School of Hydraulic Engineering, Dalian University of Technology, Dalian, Liaoning 116024, China.
School of Hydraulic Engineering, Dalian University of Technology, Dalian, Liaoning 116024, China.
Sci Total Environ. 2022 Jul 1;828:154284. doi: 10.1016/j.scitotenv.2022.154284. Epub 2022 Mar 2.
This study presents a new stacking ensemble model for contamination event detection using multiple water quality parameters. The stacking model consists of a number of machine learning base predictors and a meta-predictor, and it is trained using cross-validation to capture different features in multiple water quality parameters and then used for water quality predictions. For each water quality parameter, the residuals between predicted and measured data are classified to identify anomalies with thresholds derived from the sequential model-based optimization method and detection probabilities updated using Bayesian analysis. Alarms derived from individual water quality parameters are fused to enhance the anomaly signals and improve the detection accuracy. The proposed stacking-based method is evaluated using a data set of six water quality parameters from a real water distribution system with randomly simulated events. The stacking-based method could detect 2496 events out of a total 2500 events without a false alarm. The results show that the stacking method outperforms an artificial neural network (ANN) benchmark method in contamination event detection. The stacking method has a higher true positive rate, lower false positive rate and higher F1 score than the ANN method. This implies that the stacking method has great promise of detecting contamination events in the water distribution system.

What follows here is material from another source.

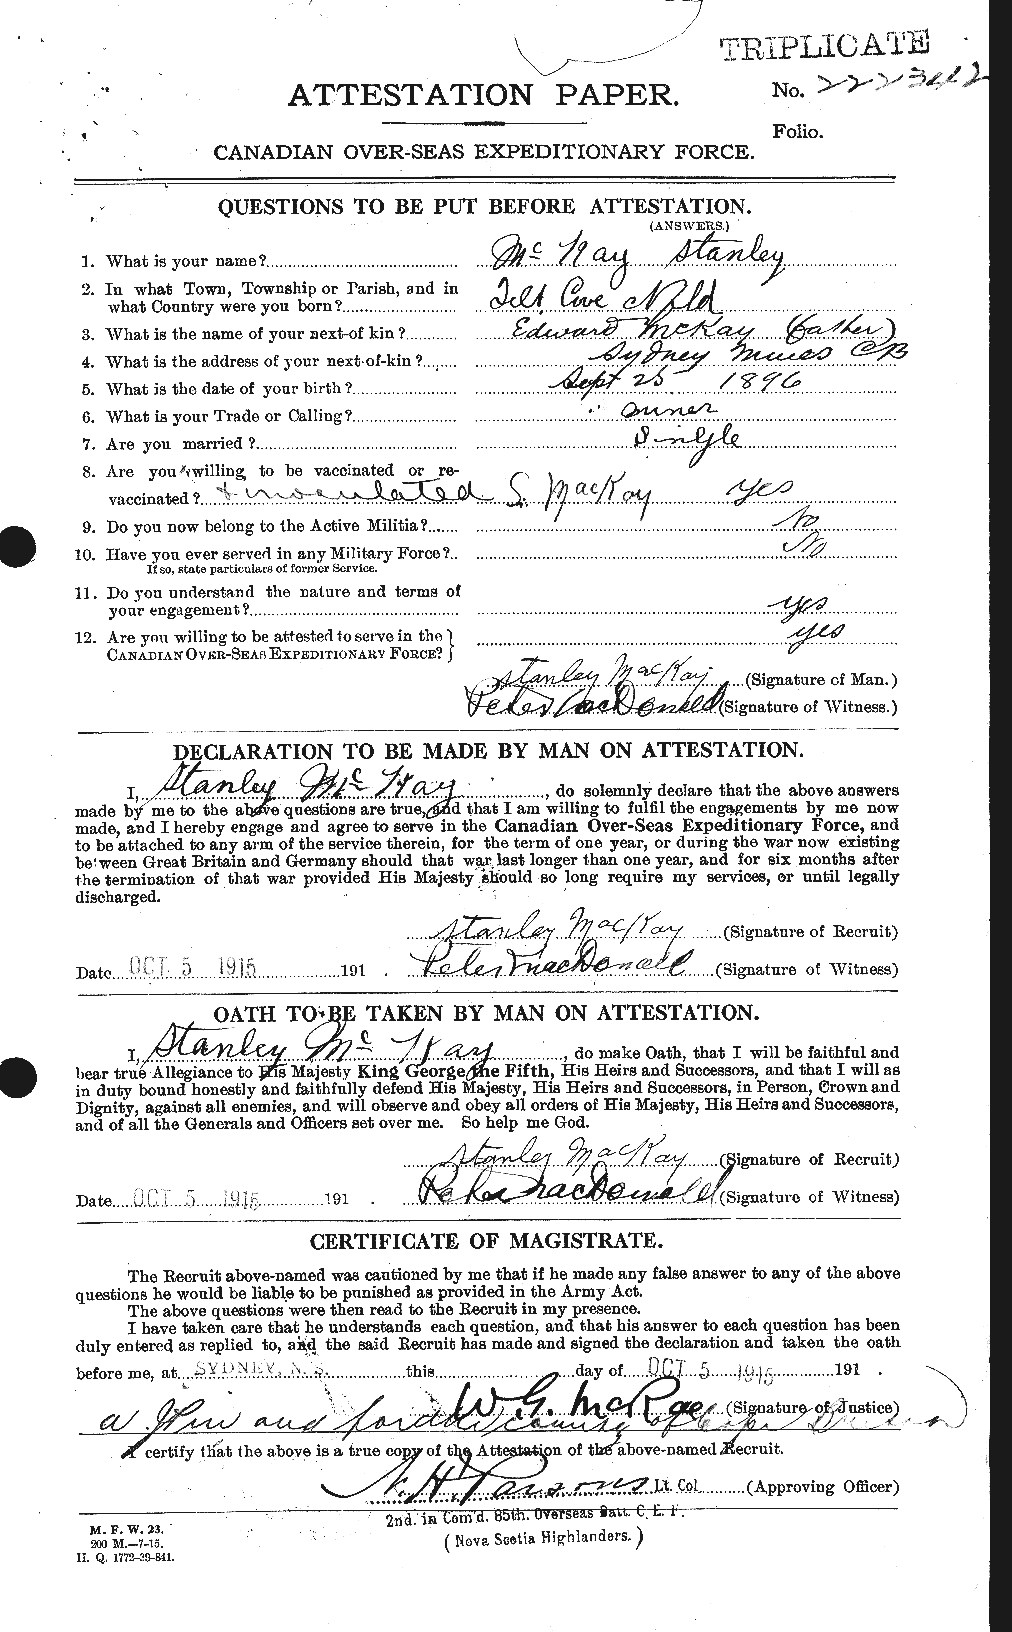 Personnel Records of the First World War - CEF 530141a
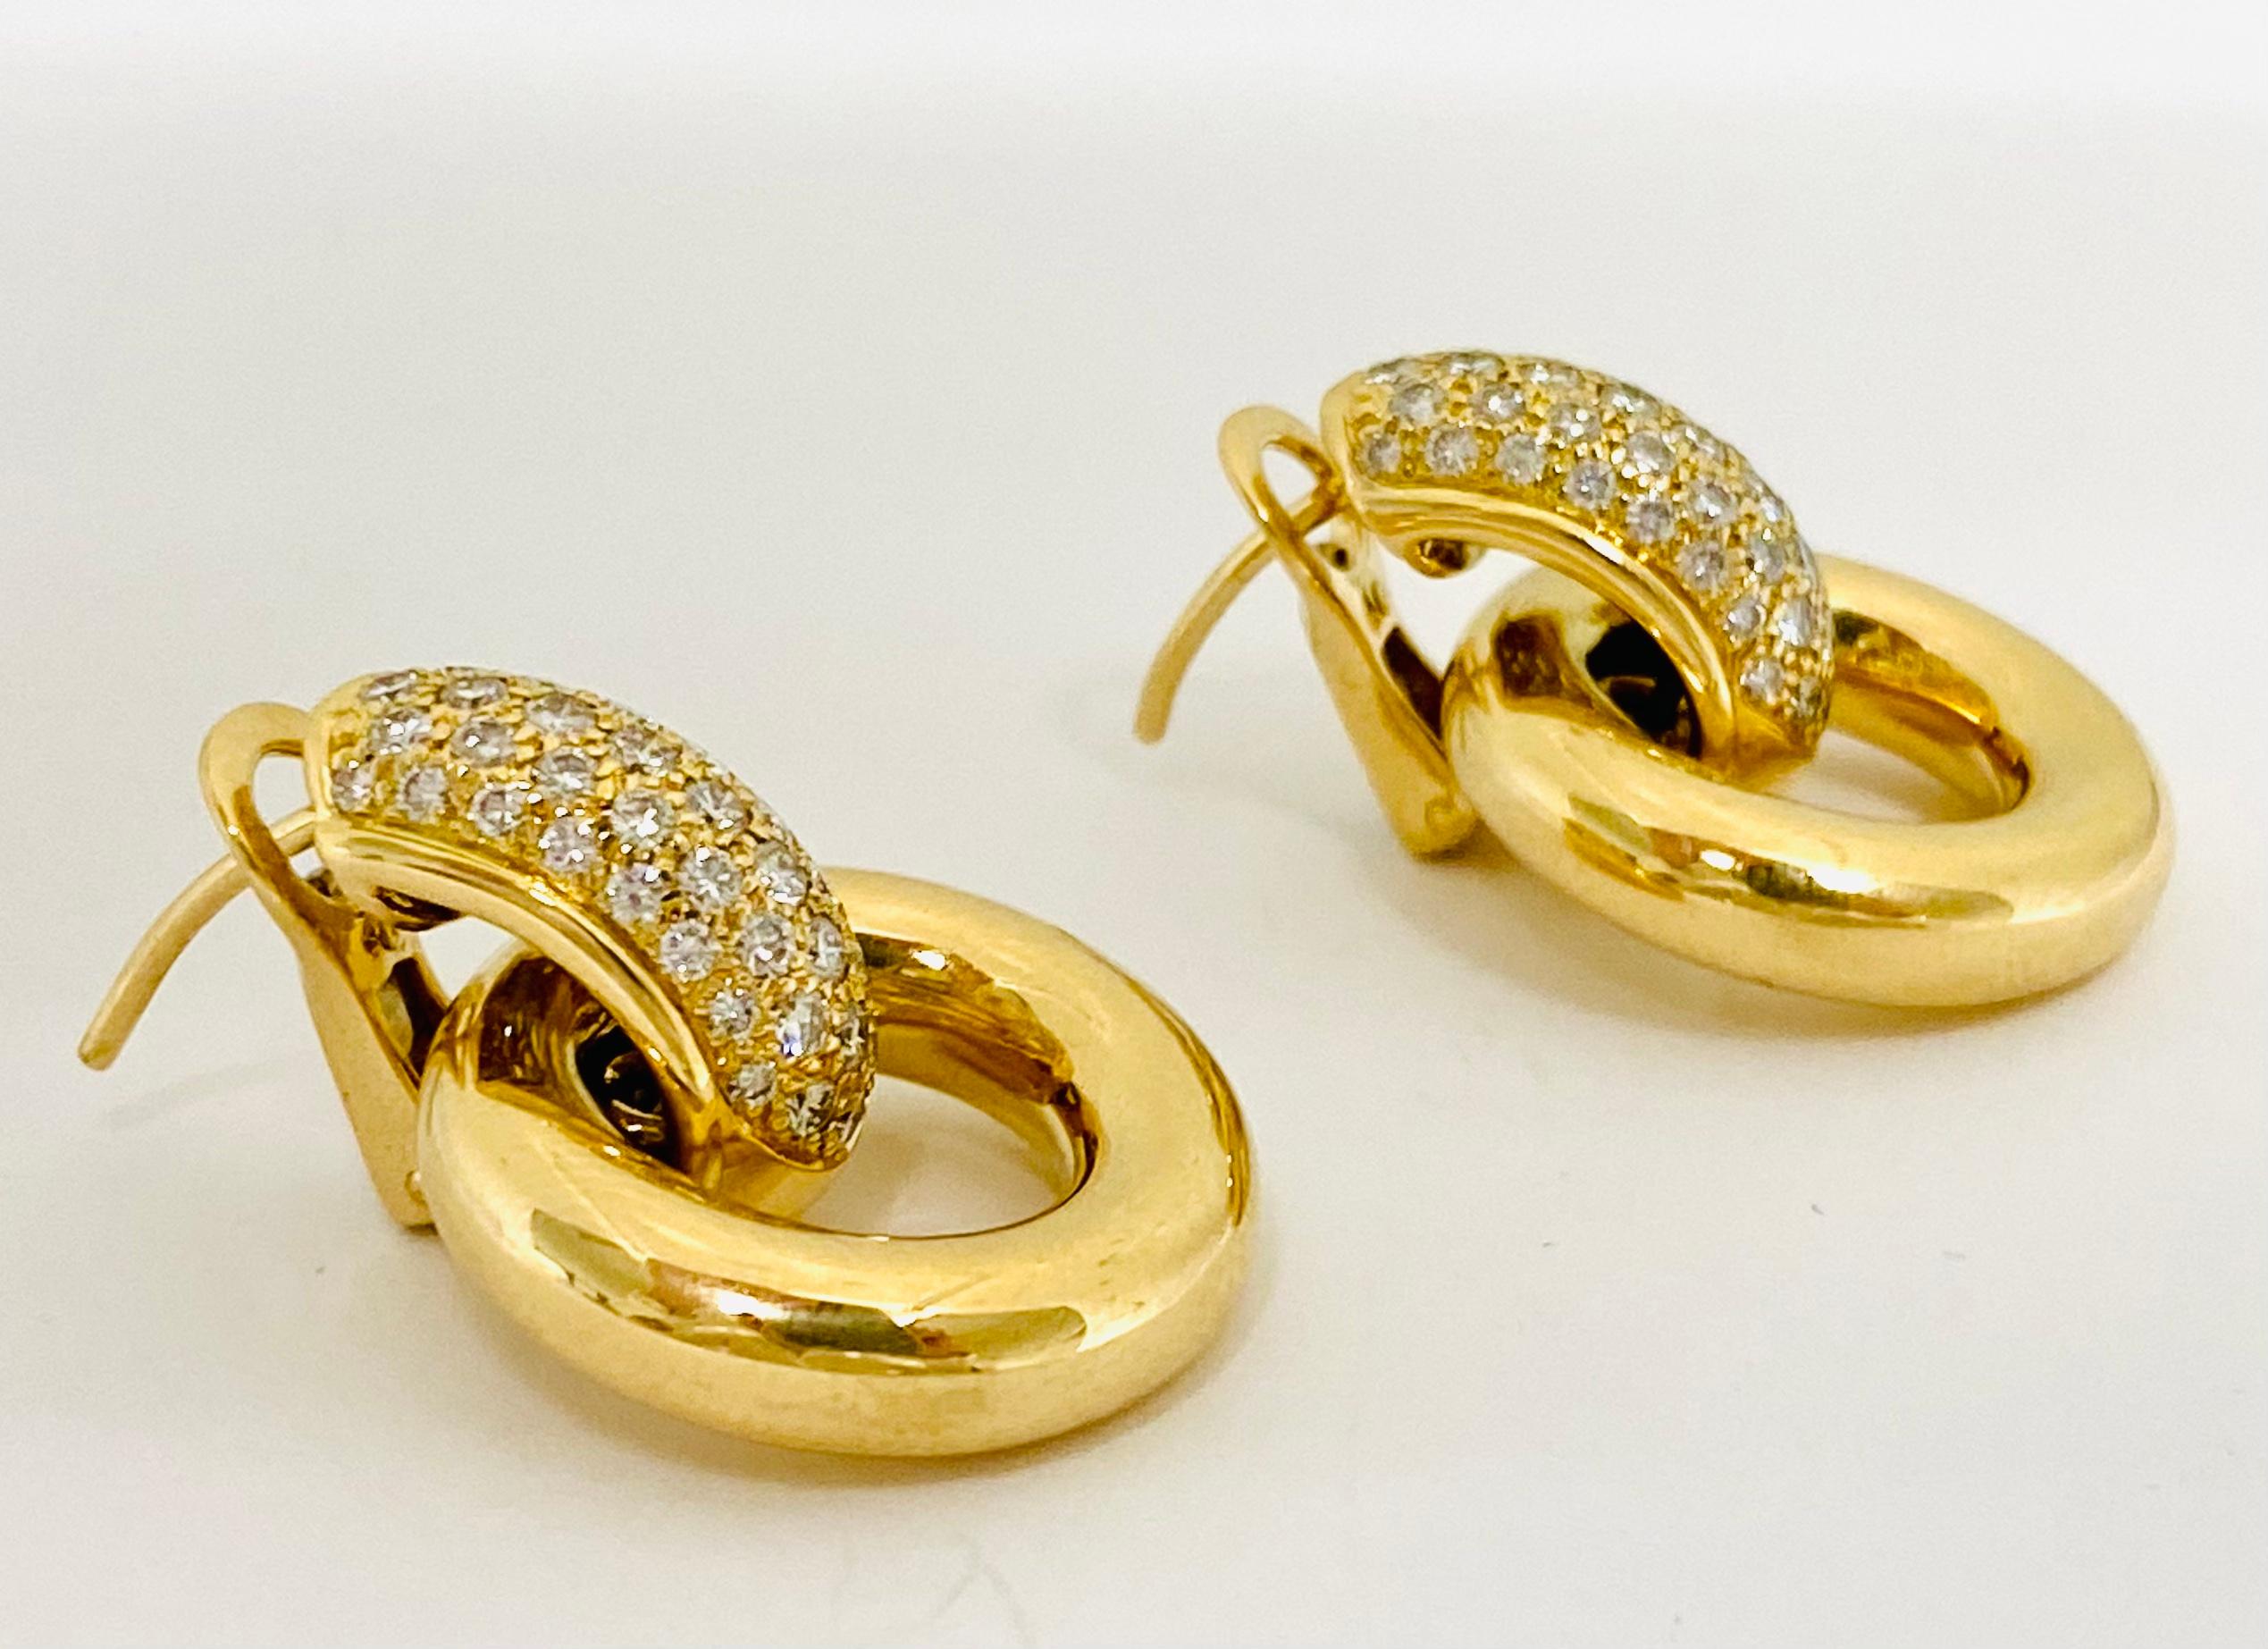 Chaumet Gold Diamond Earrings In Excellent Condition For Sale In Beverly Hills, CA

本研究提出了一种新的基于堆叠的集成模型,用于使用多个水质参数检测污染事件。堆叠模型由多个机器学习基础预测器和一个元预测器组成,它使用交叉验证进行训练,以捕获多个水质参数中的不同特征,然后用于水质预测。对于每个水质参数,通过基于序贯模型优化方法的阈值对预测数据和实测数据之间的残差进行分类,并使用贝叶斯分析更新检测概率,以识别异常值。通过融合来自各个水质参数的警报,可以增强异常信号,提高检测精度。利用来自实际水分配系统的六个水质参数的数据集,对基于堆叠的方法进行了评估,该数据集包含随机模拟的事件。基于堆叠的方法可以在没有误报的情况下检测到 2500 个事件中的 2496 个事件。结果表明,在污染事件检测方面,堆叠方法优于人工神经网络(ANN)基准方法。与 ANN 方法相比,堆叠方法的真阳性率更高,假阳性率更低,F1 得分更高。这意味着堆叠方法在检测水分配系统中的污染事件方面具有很大的潜力。